Третий, самый короткий раздел, названный библейской цитатой «Бысть при дверех…», состоит из двух текстов иного, обобщающе-итогового характера. Это главы из книги литовского католического философа Антанаса Мацейны «Тайна подлости», где антихрист рассматривается как метафизическая сила, искажающая саму природу вещей ещё до всякой истории: «некий злой план прорывается из некоторых мировых законов… некая издевка и смех звучит время от времени в симфонии космоса», — так что человек, по Мацейне, вынужден бороться с сатанинским элементом уже в собственных творениях культуры, поскольку сфера его деятельности изначально осквернена падением природы. Закрывает антологию итоговый историко-литературный очерк самого Александра Гришина «Миф об антихристе в русской истории и литературе конца XIX–XX веков», который выполняет функцию своего рода послесловия-синтеза. Гришин прослеживает три исторические «актуализации» мифа — эпоху раскола, рубеж XIX–XX веков и, по сути, современность самих составителей, — и подробно документирует, как легенда Достоевского и повесть Соловьёва породили целую традицию рефлексии: статьи Бердяева о Мережковском, где тот последовательно обвиняется во «злоупотреблении антихристом», из-за которого «антихрист перестаёт быть страшен»; дневниковую запись Александра Блока 1918 года о том, что «страшно», если впереди двенадцати красногвардейцев идёт Христос, а должен идти «кто-то Другой»; цветаевские дневниковые заметки о богомольцах у храма Христа Спасителя, шепчущих «Антихрист…»; миниатюру Исаака Бабеля «Мозаика»; главу о «бабьем бунте» из шолоховской «Поднятой целины», где старуха кричит конвоирам «Анчихриста ведут!»; и, наконец, роман Фридриха Горенштейна «Псалом», в котором сам Антихрист становится главным героем — не карателем, а фигурой, скитающейся среди русских женщин и порождающей от них детей, достойных и недостойных, — вплоть до появления уже вовсе публицистической книги Б. Олейника «Князь Тьмы», где в ряд исторических персонификаций антихриста оказывается вписан Михаил Горбачёв. Гришин прямо признаёт: линия персонификации антихриста «принципиально незавершима», и, завершая антологию этим признанием, составители как бы возвращают читателя к тому самому диагнозу, с которого начиналась вступительная статья Исупова.

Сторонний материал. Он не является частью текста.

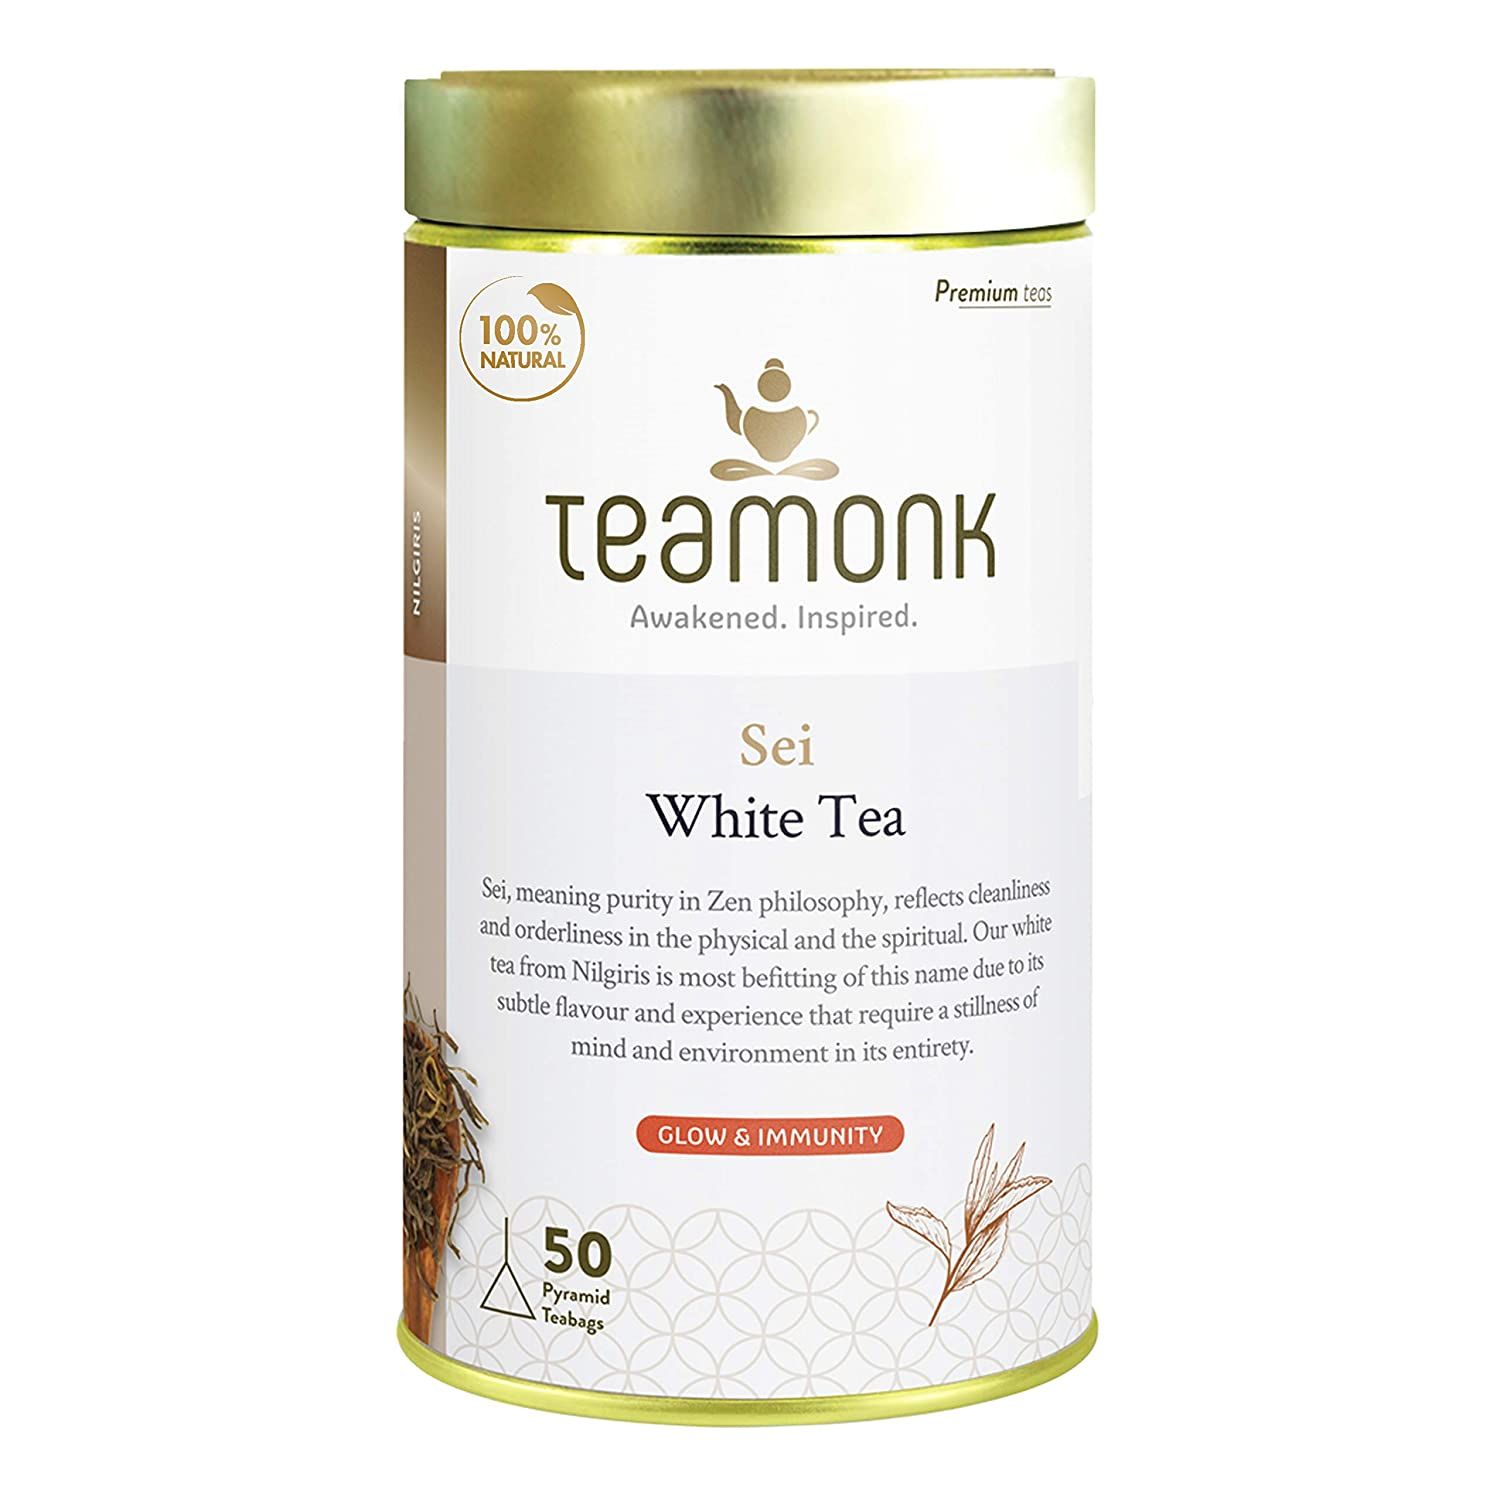 Teamonk Sei White Tea Image

Читатель, которому эта книга принесёт наибольшую пользу, — это в первую очередь студент богословского или религиоведческого факультета и молодой пастырь, которому нужен не пересказ, а сами первоисточники русской эсхатологической мысли, собранные в одном месте и снабжённые квалифицированным историко-биографическим комментарием к каждому автору. В равной мере книга адресована историкам русской религиозной философии и литературоведам, занимающимся Серебряным веком: без понимания того, как миф об антихристе функционировал у Достоевского, Соловьёва, Бердяева и символистов, невозможно адекватно прочитать ни «Бесов», ни блоковских «Двенадцать», ни трилогию Мережковского «Христос и антихрист». Полезна антология и специалистам по истории старообрядчества и русского раскола, поскольку показывает, как богословская доктрина «духовного антихриста» перешла из полемики XVII века в философский язык века двадцатого. Не менее востребованной эта книга оказывается и в чисто педагогическом качестве — недаром сама серия, в которой она вышла, помечена как «учебное издание»: собранные под одной обложкой первоисточники избавляют преподавателя курса русской религиозной философии или истории отечественной культуры от необходимости разыскивать труднодоступные тексты по десятку разных изданий, а обширный комментарий с биобиблиографическими справками о каждом авторе делает книгу пригодной для самостоятельной студенческой работы без постоянного обращения к дополнительной справочной литературе. Наконец, книга будет полезна и подготовленному мирянину, ищущему не сенсационной конспирологии на тему конца света, а серьёзного интеллектуального инструмента для осмысления собственной апокалиптической тревоги — того самого настроения, которое Исупов диагностирует у своих современников 1990-х годов и которое, разумеется, не исчезло и в последующие десятилетия. Читателю же, ищущему прежде всего пастырского утешения или простого катехизического изложения учения о последних временах, эта книга покажется слишком многослойной и местами тревожаще амбивалентной: она не даёт готового ответа, а показывает историю вопроса во всей его внутренней противоречивости, вплоть до того, что сам образ антихриста в ней то и дело оказывается зеркалом, в котором каждая эпоха видит собственный страх, а не объективное пророчество.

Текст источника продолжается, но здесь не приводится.